» Exercise directions
For this exercise, retype all the data exactly and exclude every image.

» Provided data
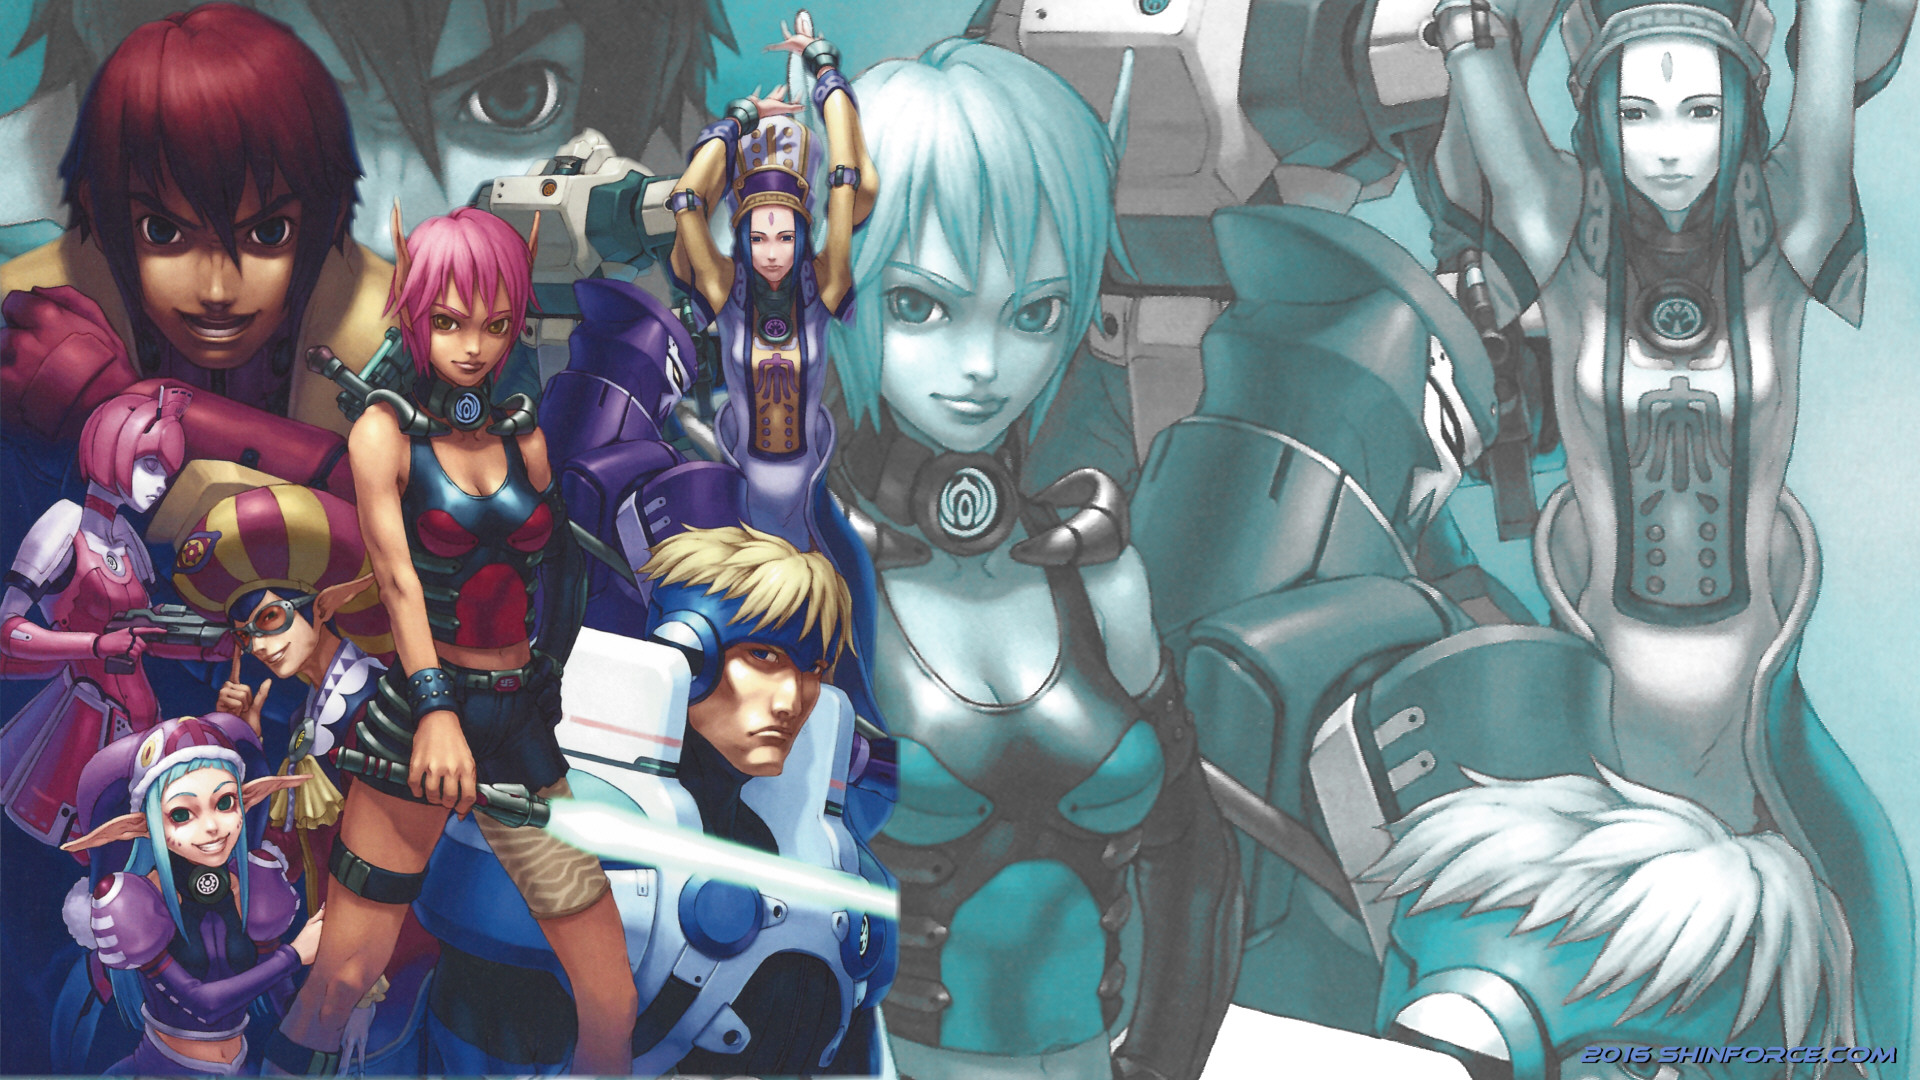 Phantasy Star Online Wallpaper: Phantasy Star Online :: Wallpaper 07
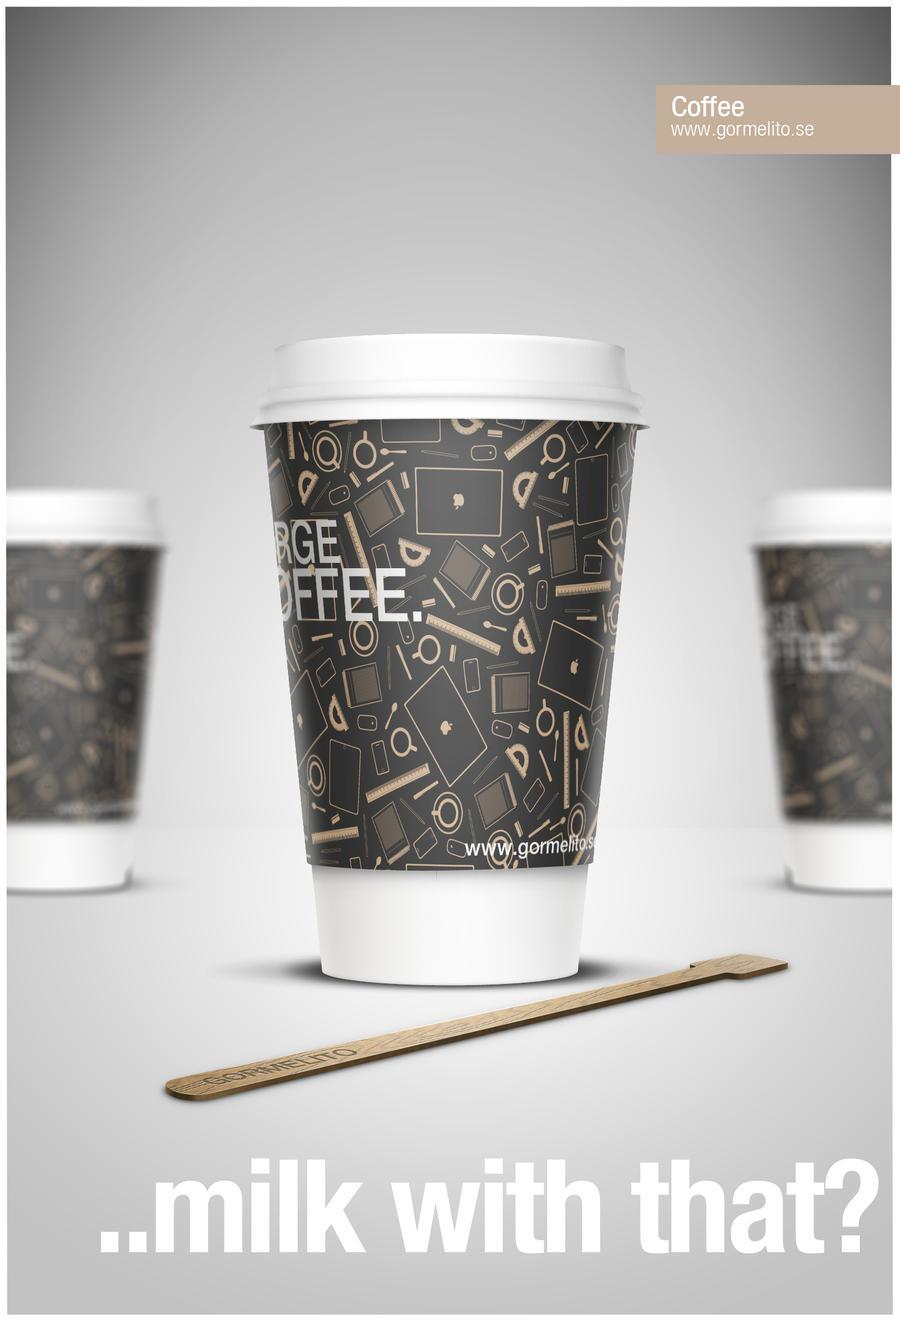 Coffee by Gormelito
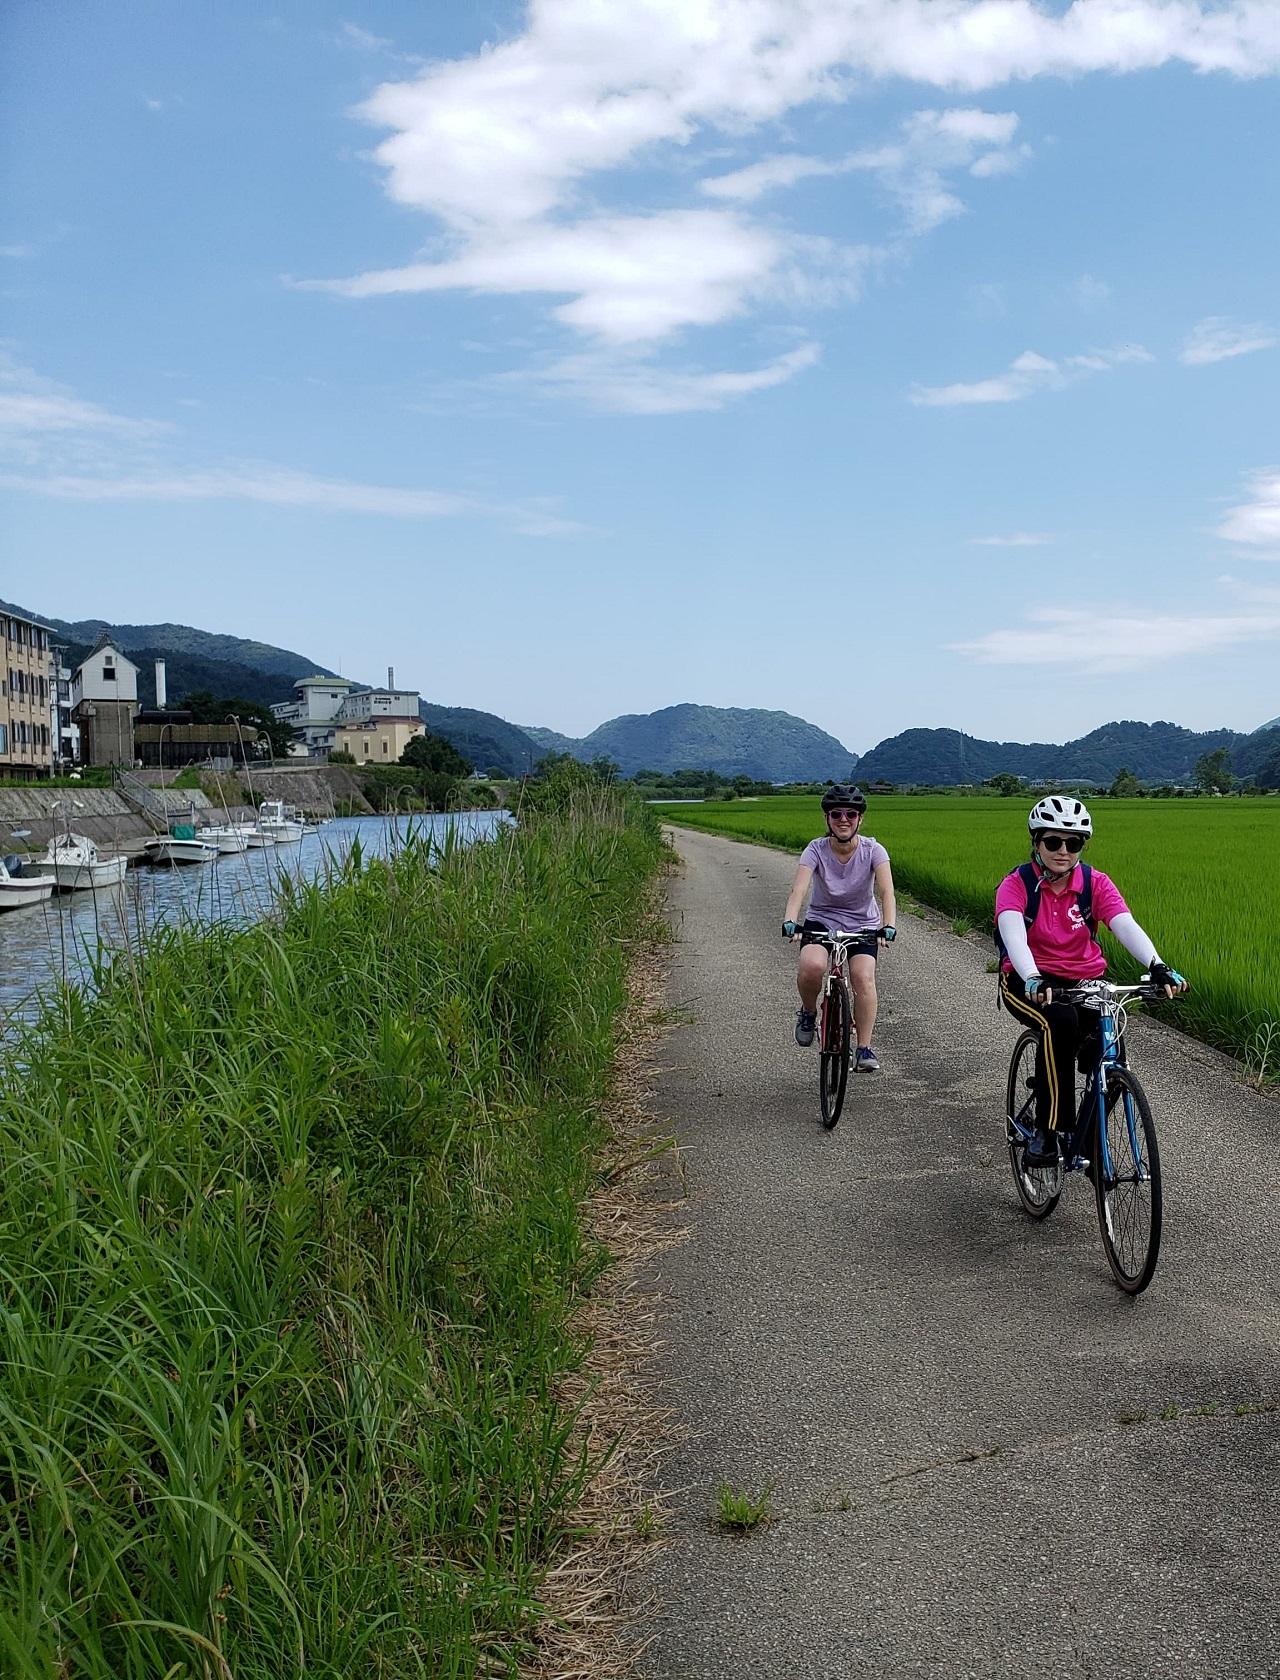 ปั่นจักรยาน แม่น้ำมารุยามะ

» Exercise output
 Phantasy Star Online Wallpaper: Phantasy Star Online :: Wallpaper 07
 Coffee by Gormelito
 ปั่นจักรยาน แม่น้ำมารุยามะ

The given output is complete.